Clinical presentation and survival of smear-positive pulmonary tuberculosis patients of a University General Hospital in a developing country

From January 1995 to August 1997 we evaluated prospectively the clinical presentation, laboratory findings and short-term survival of smear-positive pulmonary tuberculosis (TB) patients who sought care at our hospital. After providing informed, written consent, the patients were interviewed and laboratory tests were performed. Information about survivorship and death was collected through September 1998. Eighty-six smear-positive pulmonary TB patients were enrolled; 26.7% were HIV-seropositive. Seventeen HIV-seronegative pulmonary TB patients (19.8%) presented chronic diseases in addition to TB. In the multiple logistic regression analysis a CD4+ cell count <= 200 cell/mm³ was independently associated with HIV seropositivity.
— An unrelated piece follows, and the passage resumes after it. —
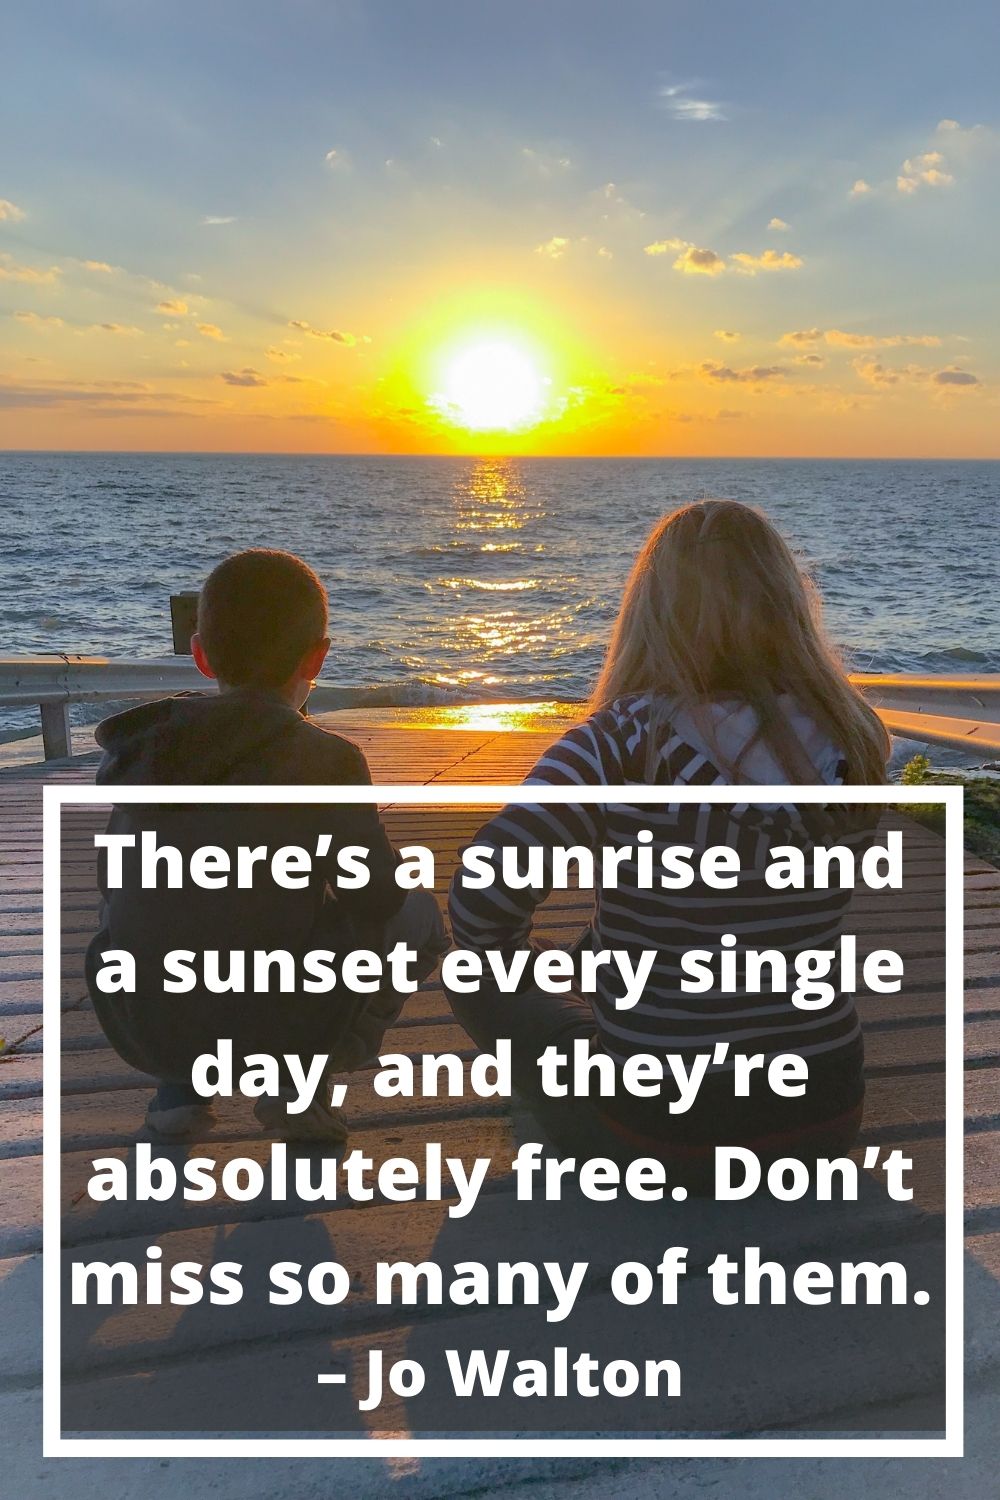 There’s a sunrise and a sunset every single day, and they’re absolutely free. Don’t miss so many of them. – Jo Walton

In the Cox regression model, fitted to all patients, HIV seropositivity and age > or = 50 years were independently associated with decreased survival. Among HIV-seronegative persons, the presence of an additional disease increased the risk of death of almost six-fold. Use of antiretroviral drugs was associated with a lower risk of death among HIV-seropositive smear-positive pulmonary TB patients (RH = 0.32, 95% CI 0.10-0.92). In our study smear-positive pulmonary TB patients had a low short-term survival rate that was strongly associated with HIV infection, age and co-morbidities. Therapy with antiretroviral drugs reduced the short-term risk of death among HIV-seropositive patients after TB diagnosis.